La medicina dell'informazione. Intervista a Carlo Verna (OdG) sul rapporto tra giustizia e informazione.

Ecco un altro tassello della nostra rivista Desk che è dedicata, nel suo ultimo numero, al ‘Raccontare la Giustizia’. Oggi in #deskdelladomenica vi offriamo per una ri-lettura questa intervista di Vania De Luca (presidente nazionale dell’Ucsi) a Carlo Verna (presidente del nostro Ordine).
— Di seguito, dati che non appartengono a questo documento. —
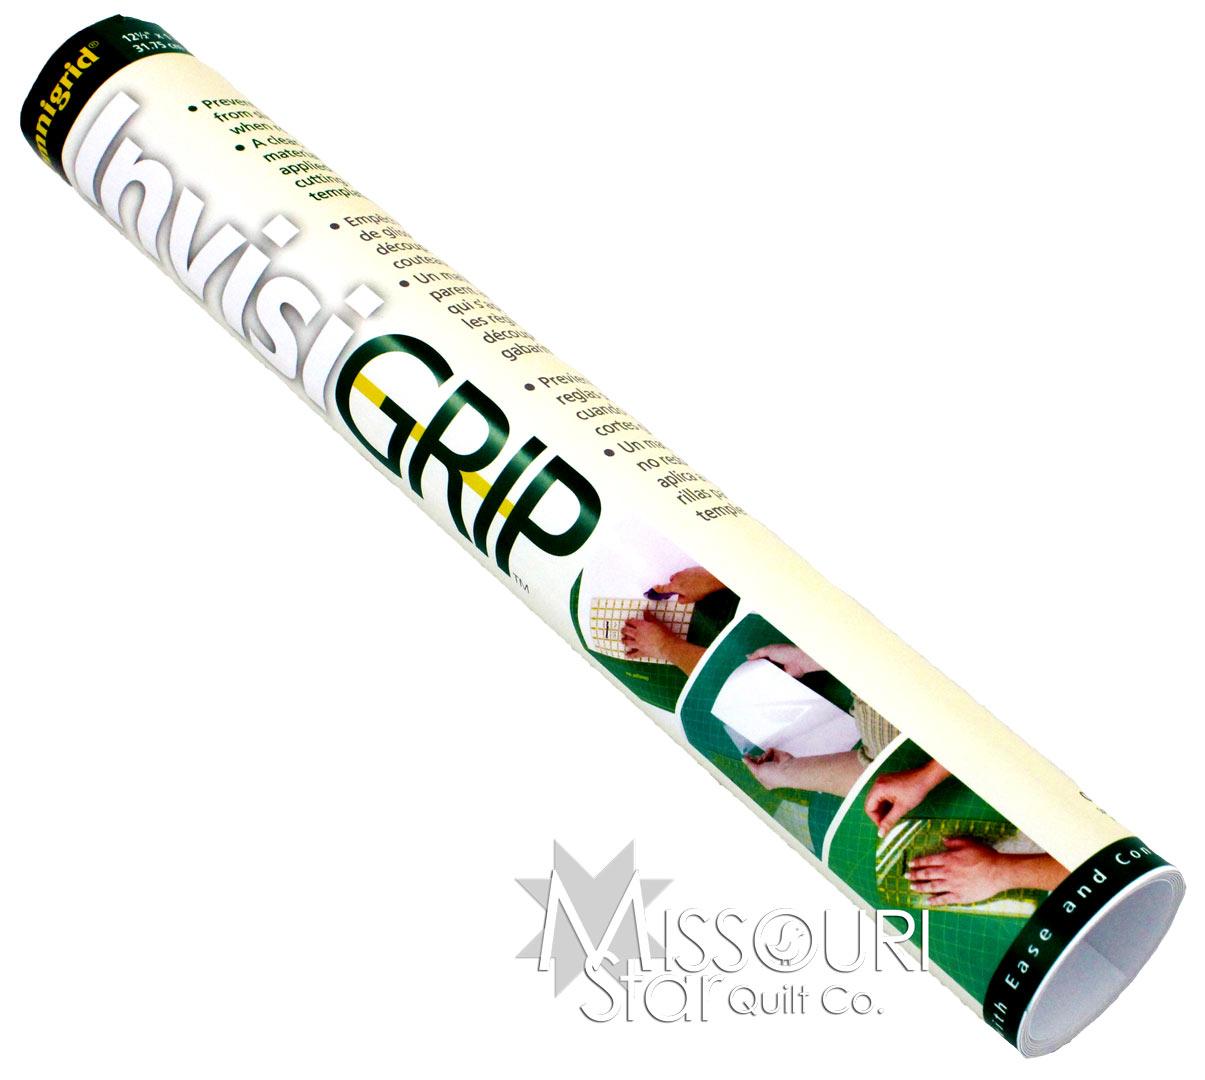 Invisi-Grip Non Slip Material 12 1/2 x 1yd - Omnigrid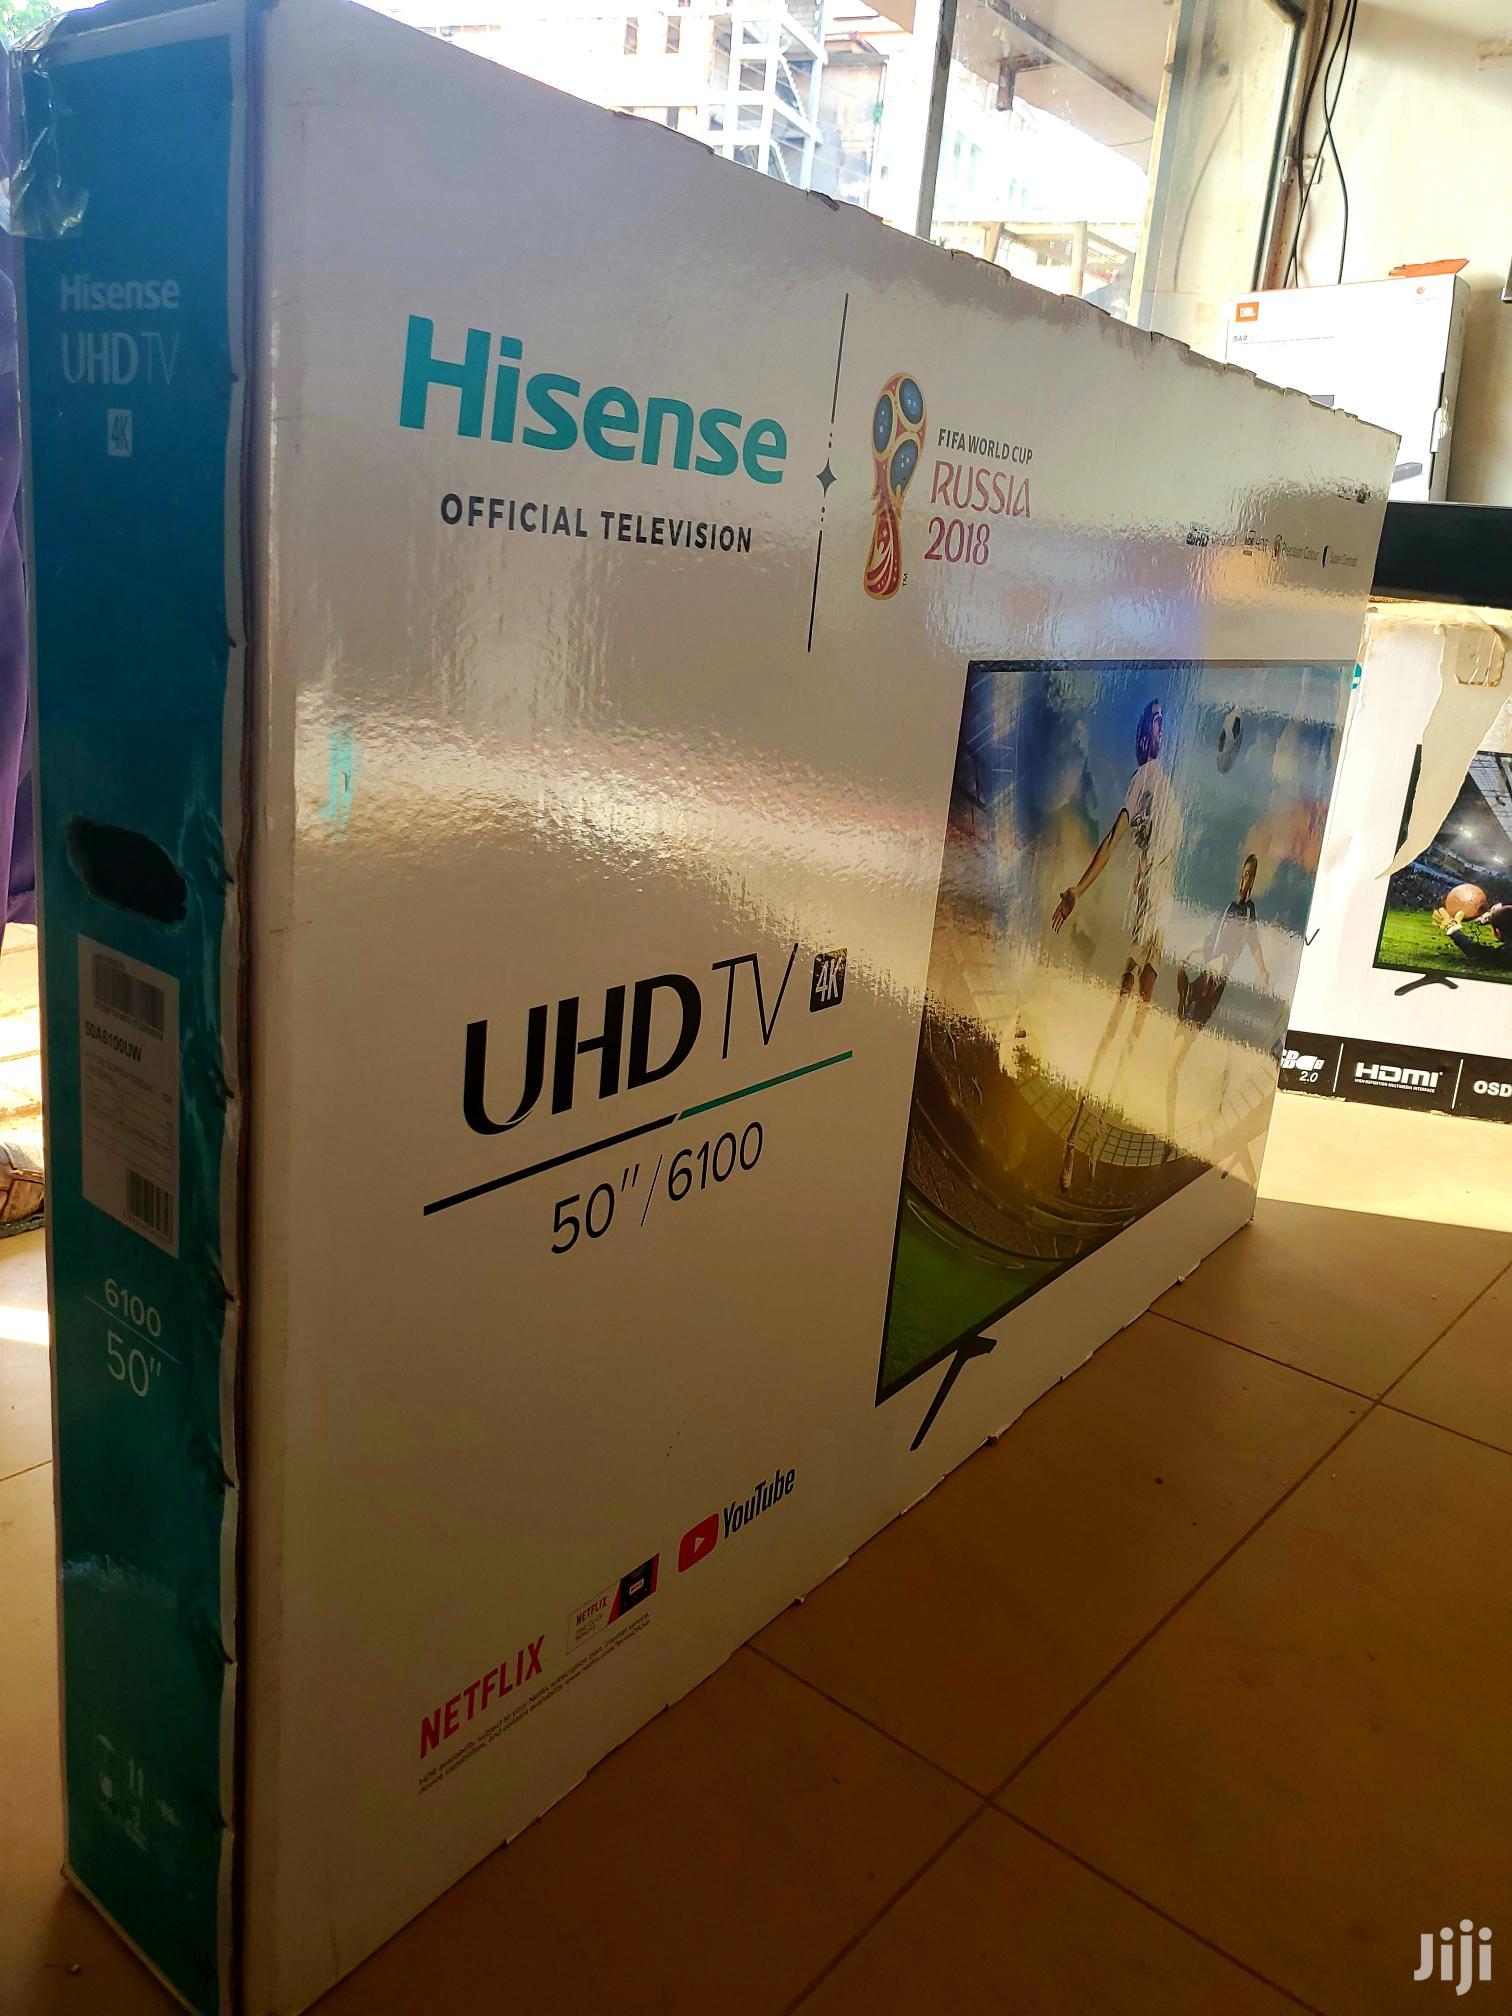 Brand New Hisense Smart Uhd 4k Tv 50 Inches

Lo stesso Verna è intervenuto anche al dibattito che su questi temi abbiamo organizzato a Roma nei giorni scorsi (leggi qui).

Vania De Luca

Carlo Verna si occupa professionalmente di giornalismo sportivo, ma ha una formazione giuridica, è stato segretario dell’Usigrai, il sindacato dei giornalisti Rai, e da alcuni mesi presiede l’Ordine nazionale dei giornalisti.
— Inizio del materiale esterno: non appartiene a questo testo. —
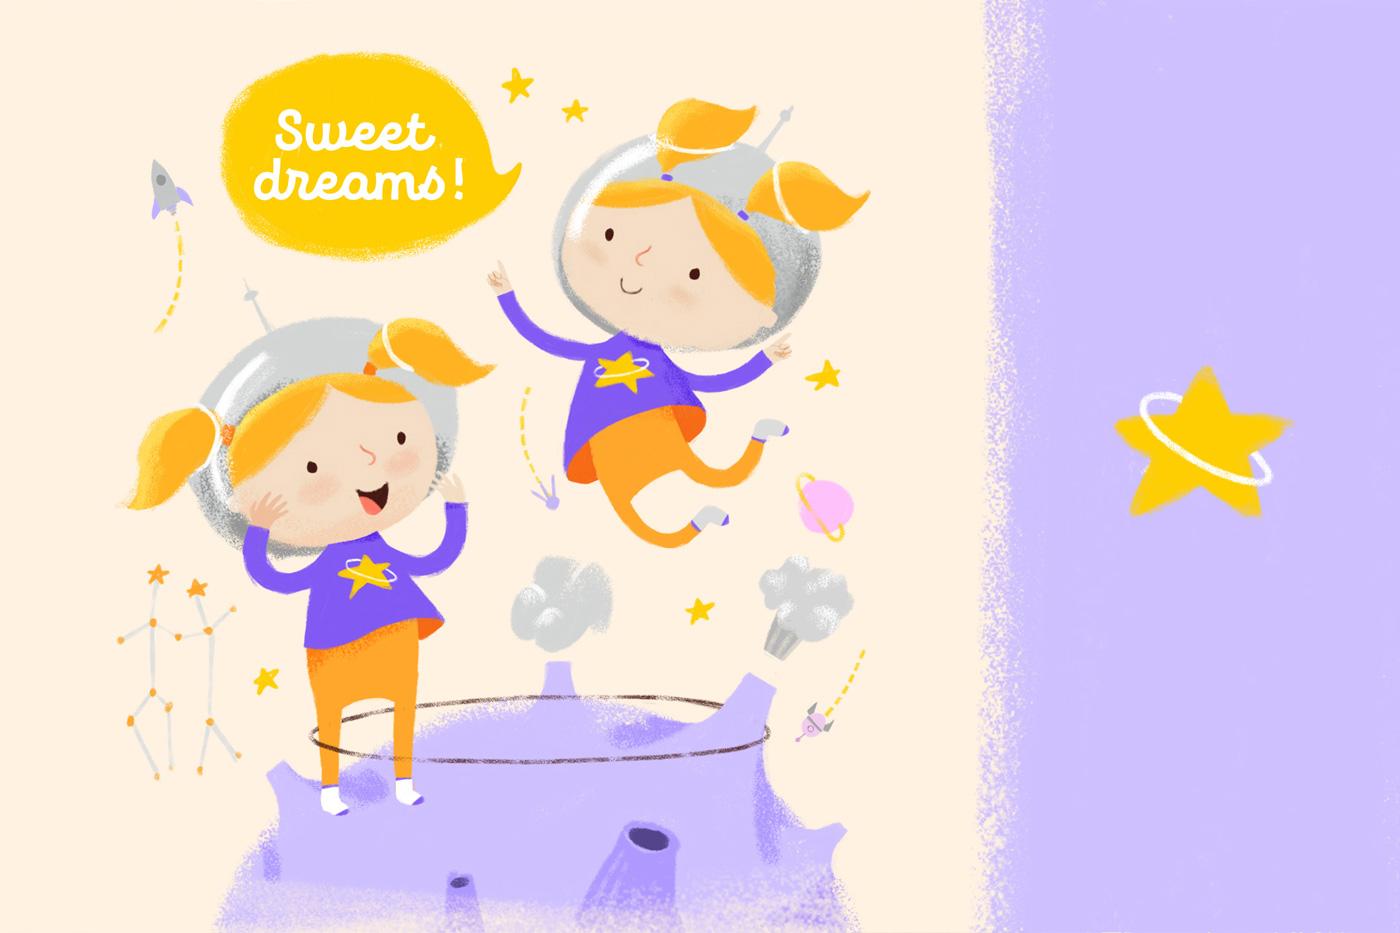 Близнецы в «Созвездии снов»

Qual è, dal tuo punto di vista, lo stato di salute del rapporto tra giustizia e informazione?

Potrebbe essere migliore se emergesse la consapevolezza dell'importanza dei poteri di controllo in una moderna democrazia. I giudici esistono da sempre, a voler riconoscere al massimo l’anzianità del giornalismo, invece, si parte dal XVI secolo, ma questo non ne diminuisce il peso rispetto all’altro potere di controllo, che talvolta soffre la presenza dell’informazione. Mi fa molto piacere che nel corso di un recente incontro che abbiamo avuto insieme alla Fnsi col vice presidente del Csm Legnini ci sia stato detto come costituisca obiettivo dell’organo di autogoverno della magistratura l’emanazione di linee guida sulla comunicazione giudiziaria.

E quello tra giornalisti e magistrati?

Ricalca quello fra giustizia e informazione. I giornalisti sono soggetti come tutti i cittadini alla legge, ma anche la magistratura deve accettare in base all’articolo 21 della Costituzione le critiche dell’informazione. Registro con rammarico troppe querele di giudici e pubblici ministeri verso i giornalisti e alcuni colleghi mi segnalano anche entità di risarcimenti eccessivi. Devo aggiungere che, come abbiamo fatto notare con la professoressa Marina Castellaneta nel corso di un’audizione alla Commissione giustizia della Camera, malgrado la sentenza del 17 luglio 2008, Riolo contro Italia, che è costata una condanna per violazione dell’articolo 10 sulla libertà di espressione della Convenzione europea, non è stata apportata alcuna modifica legislativa che permetta di rispettare il dettato della Corte, secondo la quale le sanzioni pecuniarie ai giornalisti possono essere comminate solo tenendo conto delle “tasche” dello stesso operatore dell’informazione.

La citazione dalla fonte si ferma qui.